説明がうまくない人や会話がうまくない人とのやりとりは、もしかしたら相槌を打ち続けることで、その先の意味合い等をうまく解読した表現をその当人から再度してもらえるというのが、うまい会話の引き出し方なのかもしれないと思った。
「ビンゴってなんですか?」
「うーん。。。」
ここで法明寺は言葉に詰まり始める。暁美はここで待つ。法明寺が言葉を出してくれるまで。早くその先、その先と言いたい所だけど、我慢我慢。
「その前にいいか?」
「はい」
「俺が追っているある宗教法人があってな」
「はい」
「その宗教法人は、結婚相手を宗教法人自体が決めるというちょっと変わったところなんだが、別にそのこと自体は、その宗教に入っている当人達が納得すればいいだけの話なんだが、ちょっとそうでもない状況が起きたりするんだ」
「それってどういうことですか?」
まさか、法明寺の口からこのタイミングで宗教法人の言葉が出てくると思わなかった。
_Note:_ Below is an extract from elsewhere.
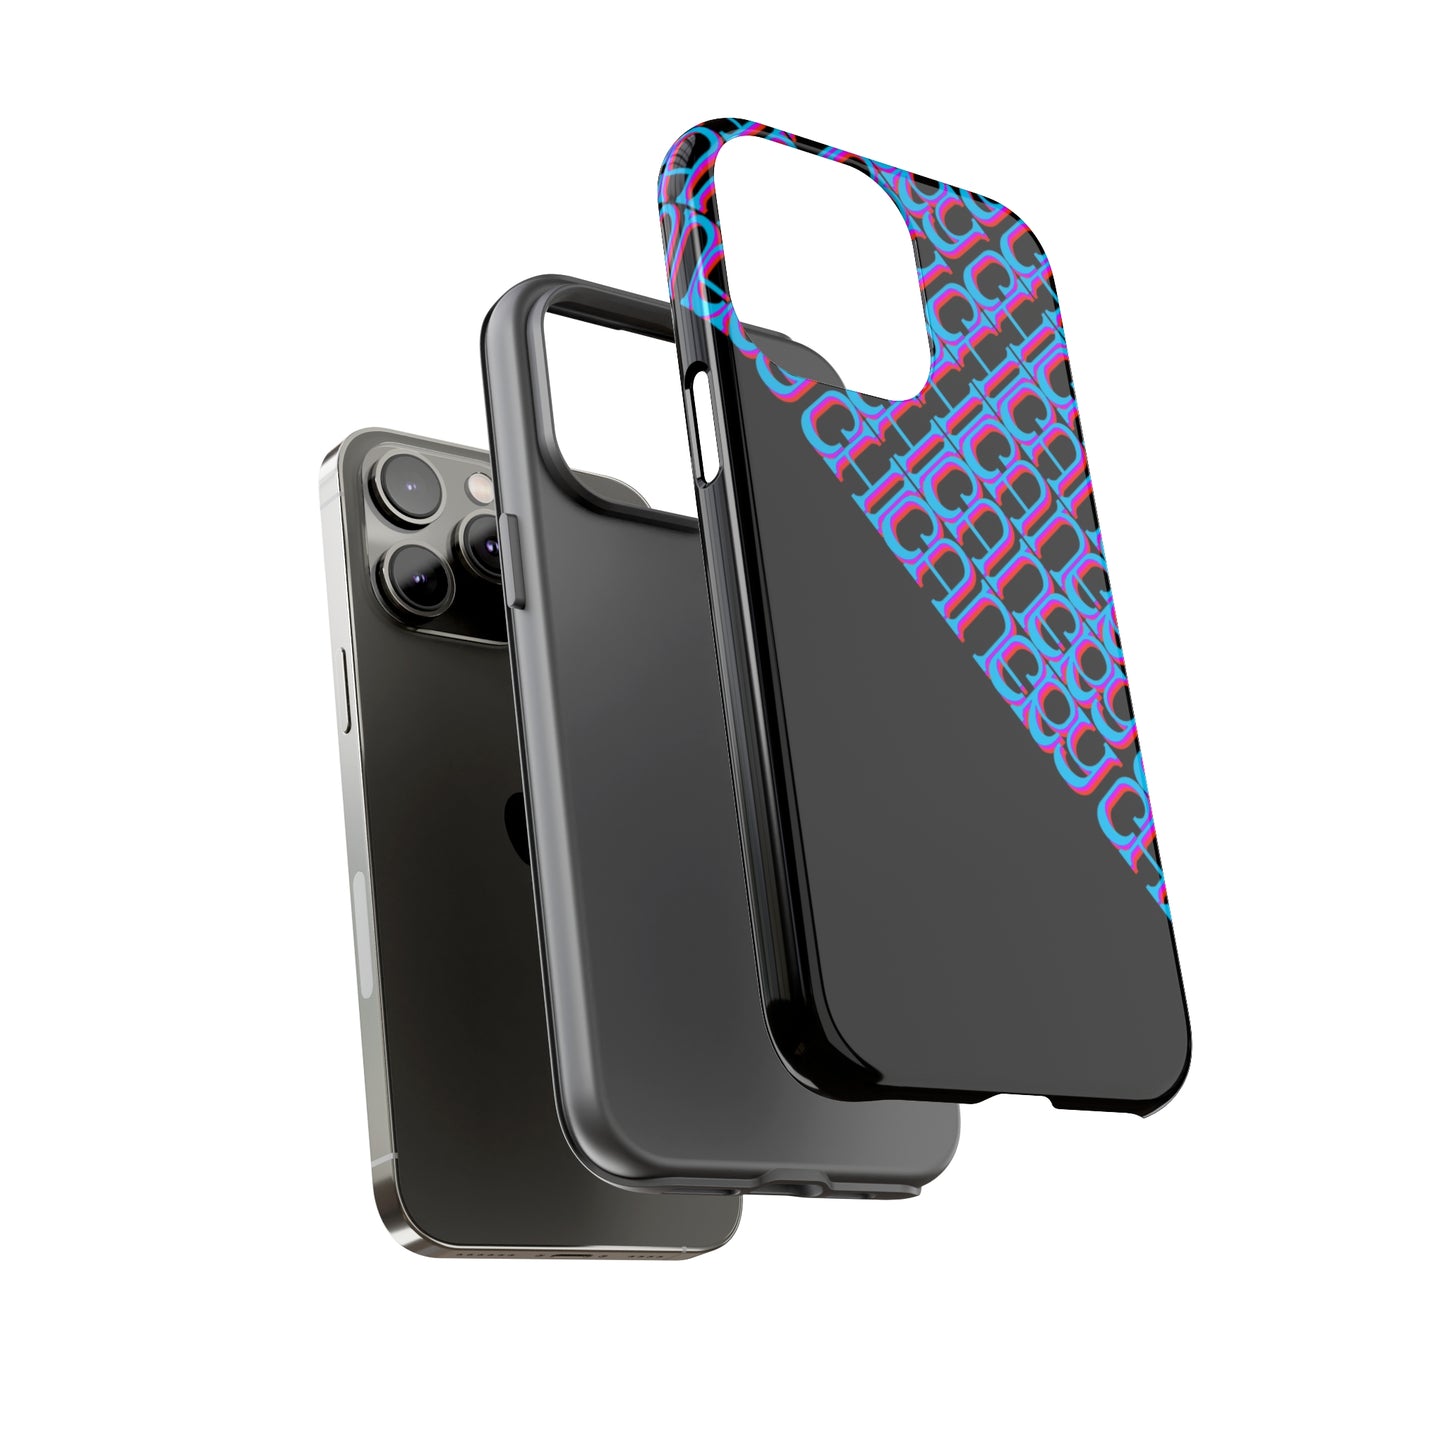 Chicanery™ Neon Phone Case

宗教法人って言えば、暁美にとってもいい印象は全くない。
もちろん世の中の宗教をすべて否定するわけじゃないけど、家族が壊れる原因のひとつである経験を小さい頃にしてしまっている暁美にとっては、その言葉自体で緊張が走ってしまうのはどうしても否めない。
でももちろん、その話も今する話ではない。その話をしたい欲求に駆られつつも唇を噛み締めて、今の法明寺の説明に集中しないと。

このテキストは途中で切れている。